Actively Learning what makes a Discrete Sequence Valid
This addresses a key bottleneck in discrete generative models for researchers and practitioners, but it is incremental as it builds on existing active learning techniques.
The paper tackles the problem of generative deep learning models producing invalid discrete sequences by proposing a deep recurrent validator model that learns the probability of a partial sequence being the start of a valid full sequence, and demonstrates its ability to distinguish valid from invalid sequences on a synthetic dataset.

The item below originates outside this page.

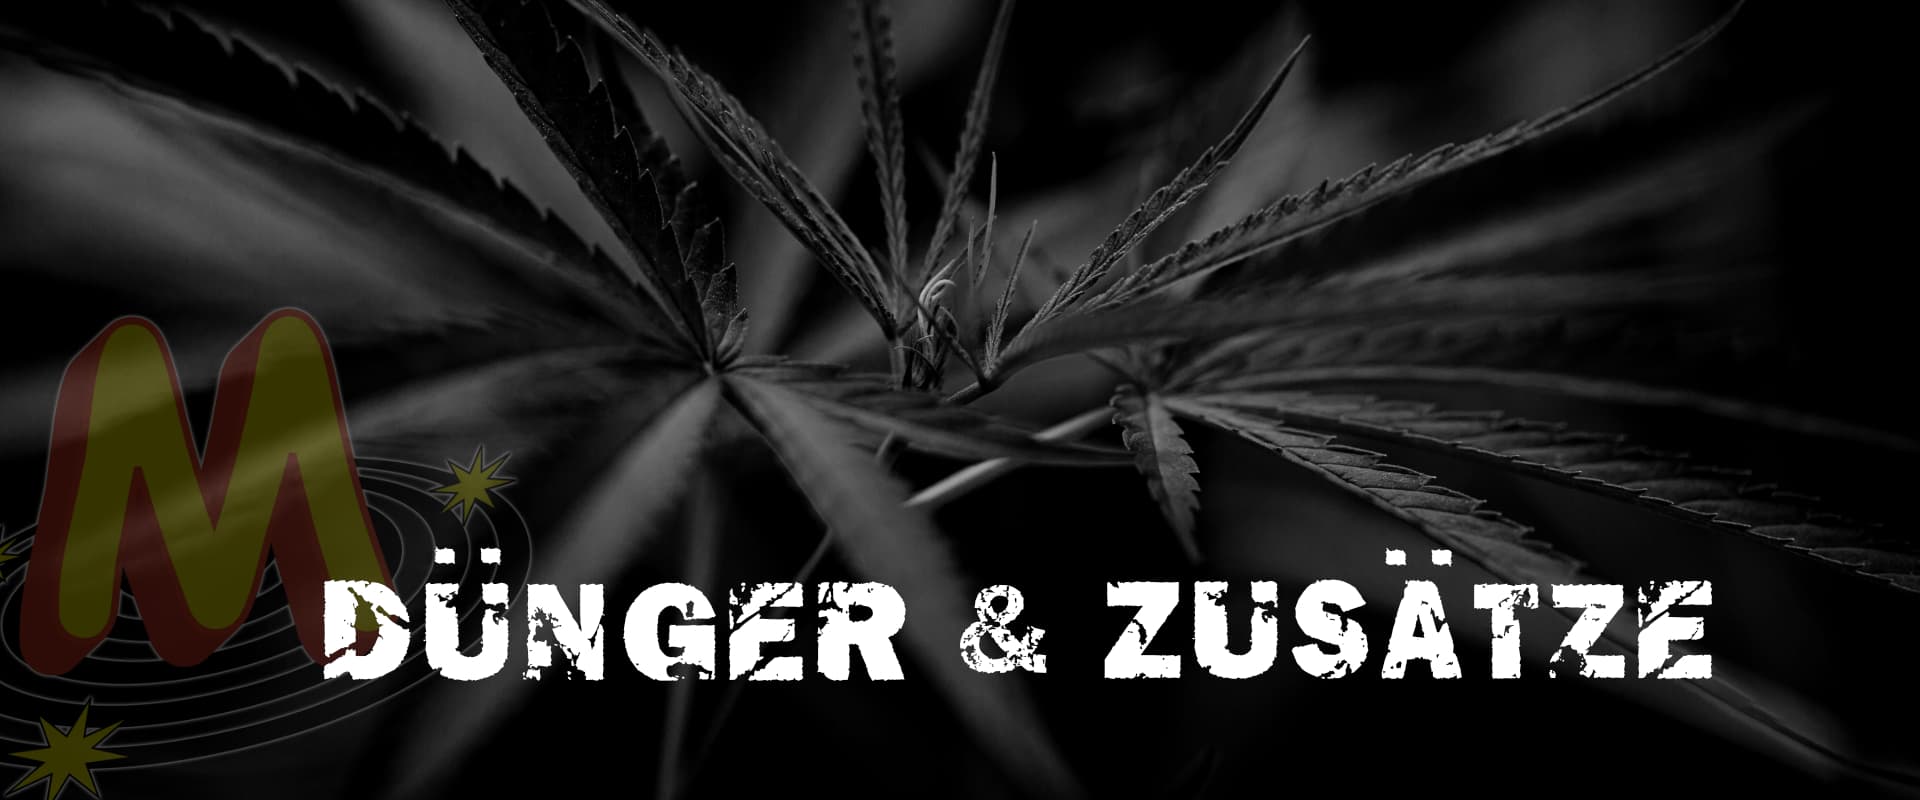 Dünger_Zusätze_Banner

Deep learning techniques have been hugely successful for traditional supervised and unsupervised machine learning problems. In large part, these techniques solve continuous optimization problems. Recently however, discrete generative deep learning models have been successfully used to efficiently search high-dimensional discrete spaces. These methods work by representing discrete objects as sequences, for which powerful sequence-based deep models can be employed. Unfortunately, these techniques are significantly hindered by the fact that these generative models often produce invalid sequences. As a step towards solving this problem, we propose to learn a deep recurrent validator model. Given a partial sequence, our model learns the probability of that sequence occurring as the beginning of a full valid sequence. Thus this identifies valid versus invalid sequences and crucially it also provides insight about how individual sequence elements influence the validity of discrete objects. To learn this model we propose an approach inspired by seminal work in Bayesian active learning. On a synthetic dataset, we demonstrate the ability of our model to distinguish valid and invalid sequences. We believe this is a key step toward learning generative models that faithfully produce valid discrete objects.